BVT in a RyR2/RyR2^R4496C heart. A, Heart image. B, Epicardial activation map and ECG in SR. C, Epicardial activation maps of 2 consecutive ventricular beats with an origin that changed from RV (beat 1) to LV (beat 2). Bottom, ECG in BVT (2.7 mmol/L Ca²⁺; 100 nmol/L isoproterenol). LAD indicates left anterior descendent coronary; LA, left atrium.

Figure 4

PVT in RyR2/RyR2^R4496C heart. A, Location of each of 8 consecutive ectopic discharges during PVT superimposed on a high-resolution image of RV endocardium.
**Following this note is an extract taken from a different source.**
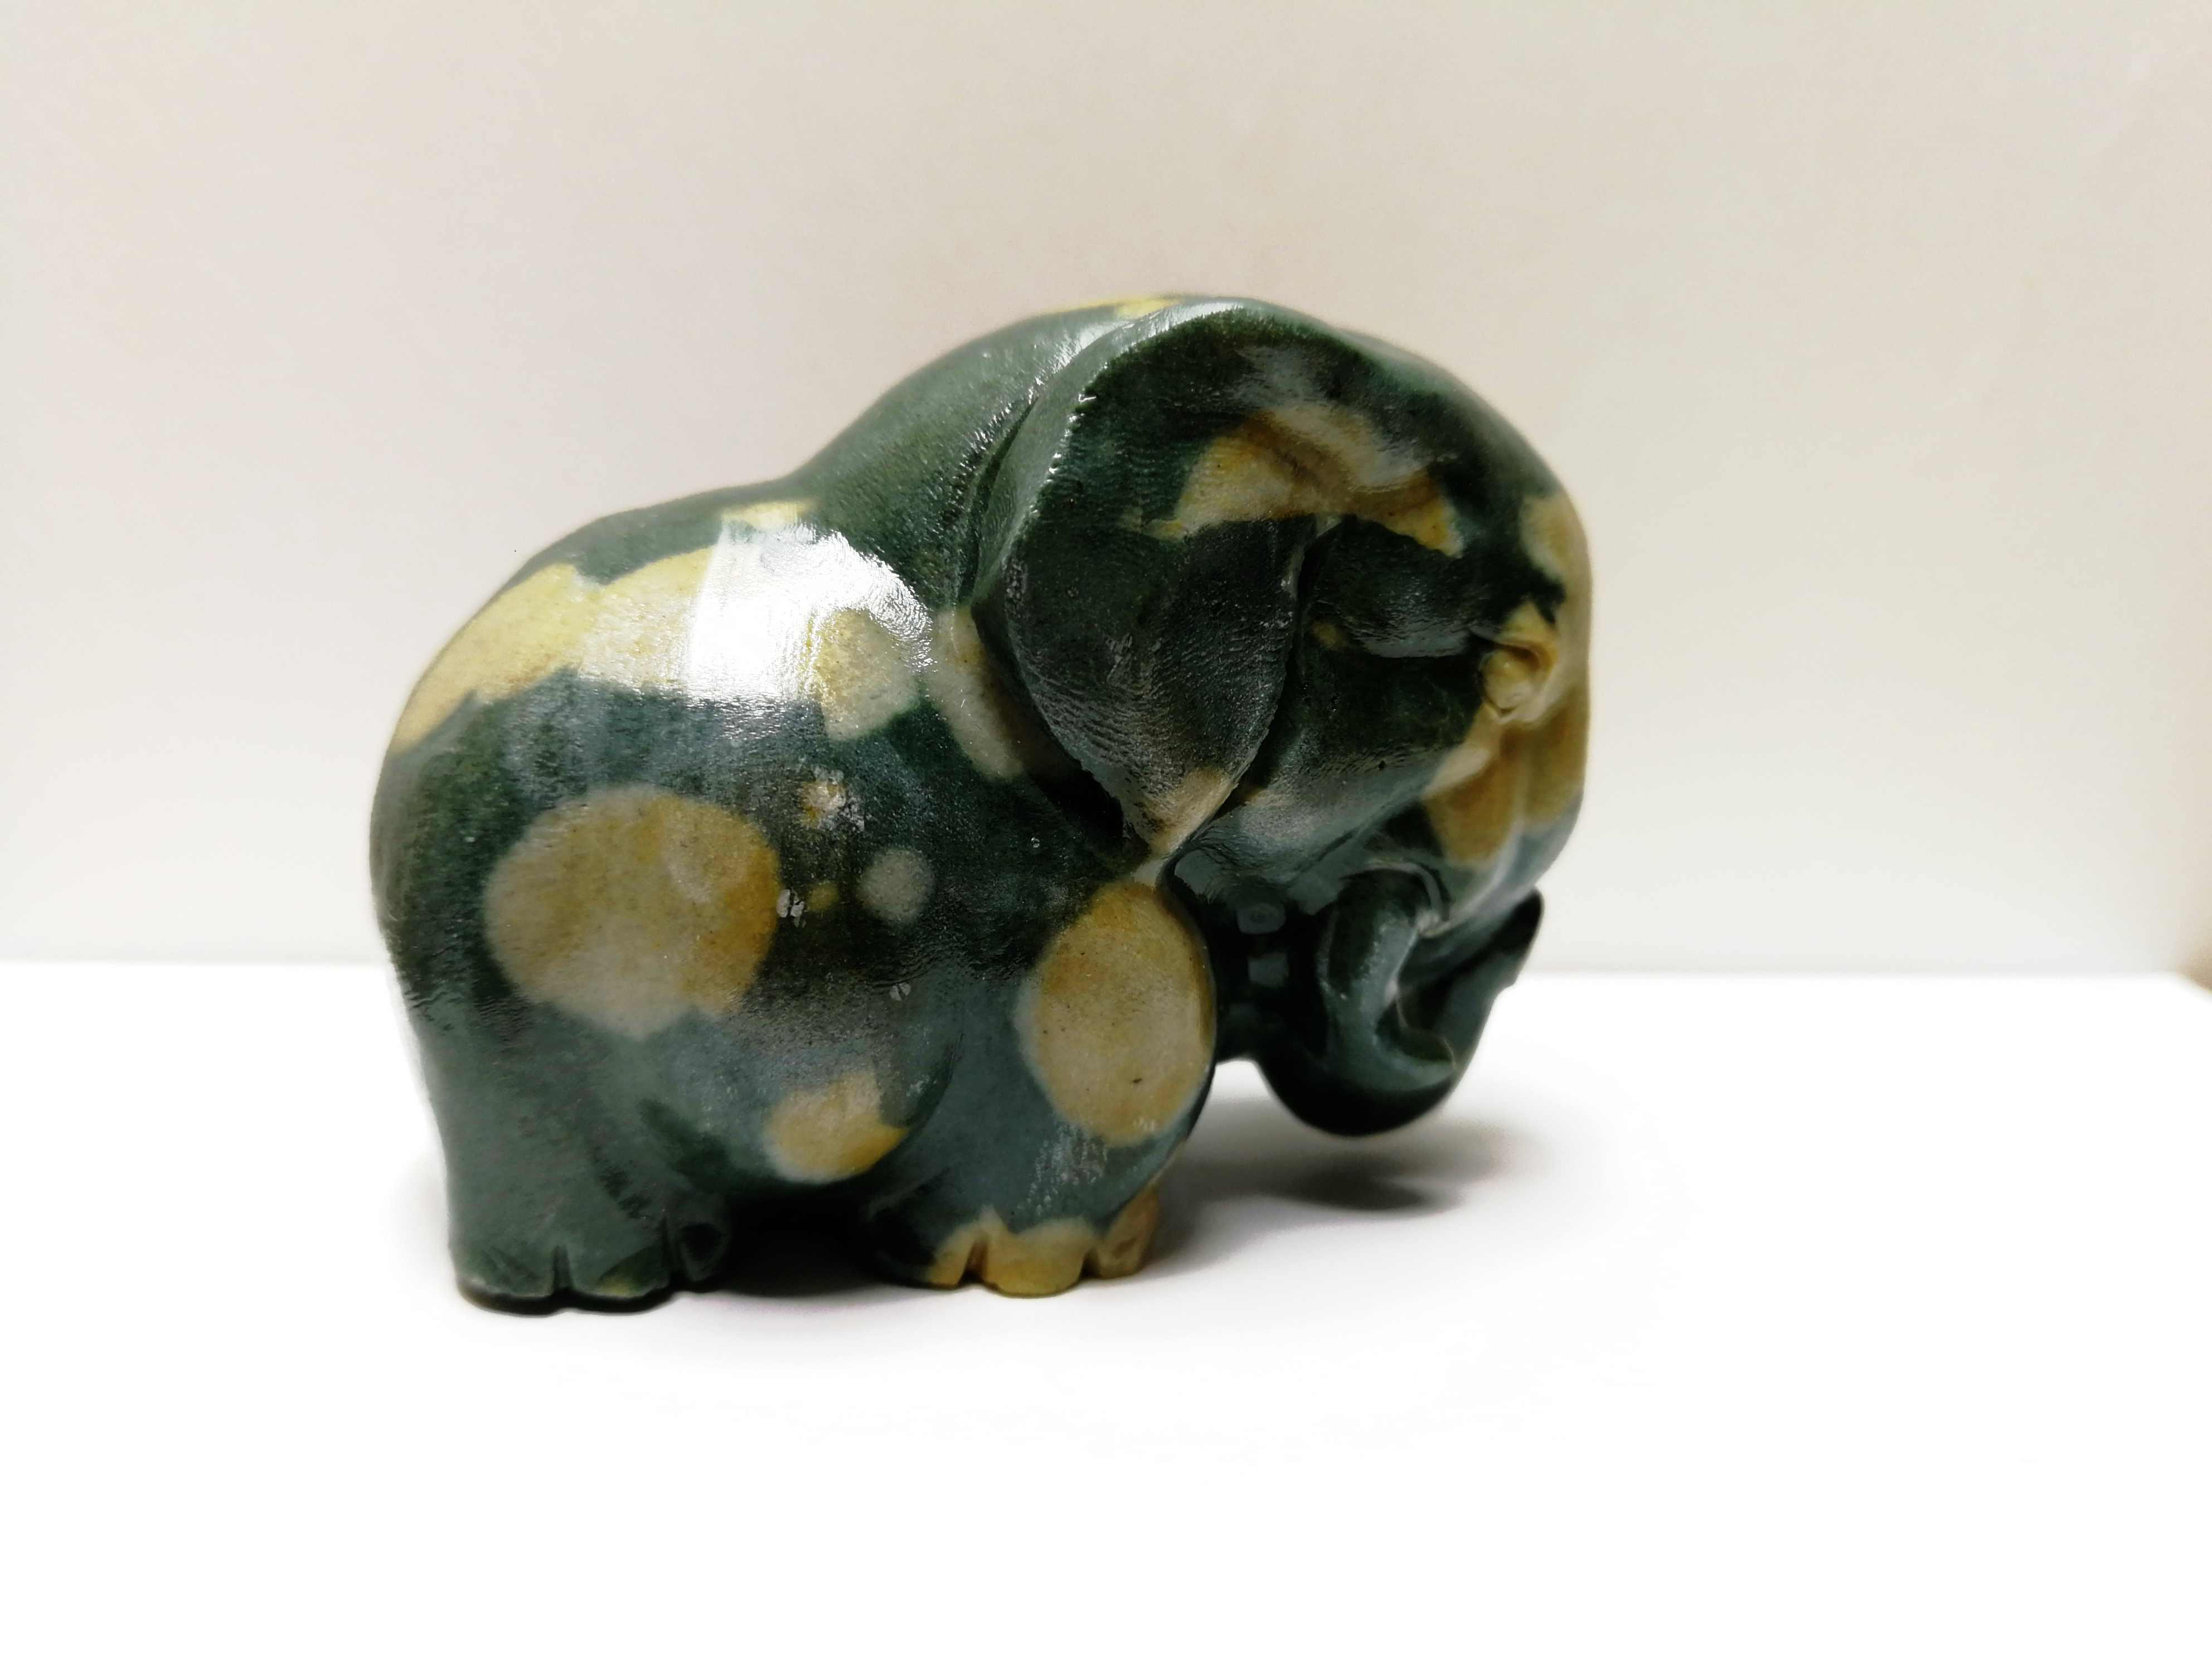 169.8 Gnatural Hijau Opal Kristal Diukir dengan Tangan Gajah Ukiran Sihir Batu Energi

Each color corresponds to a different discharge and complex number on ECG. B, Magnification of 2 boxed areas in A highlights Purkinje fibers. Each number and color indicates the origin of each discharge and complex number on ECG. Beat 5 originated outside the field of view and is not represented on the map.

Figure 5

Left, PVT-to-VF transition in RyR2/RyR2^R4496C heart (1.8 mmol/L Ca²⁺; 1 mmol/L caffeine). Left, successive epicardial phase maps (10-ms snapshots). Top, Three maps showing a focal discharge during PVT. Middle, Transition from focal discharge (leftmost) to reentry (rightmost) by formation of a wave break (center). Bottom, Drifting rotor maintained VF. Right, ECG (top) and color code for action potential phases.

Figure 6

Effects of chemical ablation of RV endocardium in anesthetized WT and RyR2/RyR2^R4496C mice. A, ECG during SR in WT mouse (top) and ECG during SR after Lugol’s solution injection (bottom). Note RBB block pattern. B, ECG during SR in RyR2/RyR2^R4496C mouse (top), BVT after administration of 120 mg/kg caffeine and 2 mg/kg epinephrine (middle), and Lugol’s solution injection in RV cavity converts BVT to MVT with RBB block (bottom). C, Morphology and width of the QRS complex in baseline (left) and after Lugol (right) in WT and RyR2/RyR2^R4496C mice.

Figure 7

Frequency dependence of DADs and TA. A, WT Purkinje cell driven by trains of 20 pulses at 1, 5, 10 Hz at baseline (A1 to A3) and during 30 nmol/L isoproterenol superfusion (A4 to A6). B, Two different RyR2/RyR2^R4496C Purkinje cells (B1 and B2; B3 and B4) subjected to the same protocol. DADs and TA were elicited in RyR2/RyR2^R4496C already at baseline (B1 to B3). In the presence of isoproterenol (30 nmol/L), trains of stimuli (5 Hz) generated long episodes of sustained TA.

Figure 8

DAD amplitude vs CI in Purkinje cells from RyR2/RyR2^R4496C (○) (5 mice) and WT (●) (5 mice) at 10 Hz. The RyR2/RyR2^R4496C data are in the absence of isoproterenol. The WT data are in the presence of 30 nmol/L isoproterenol.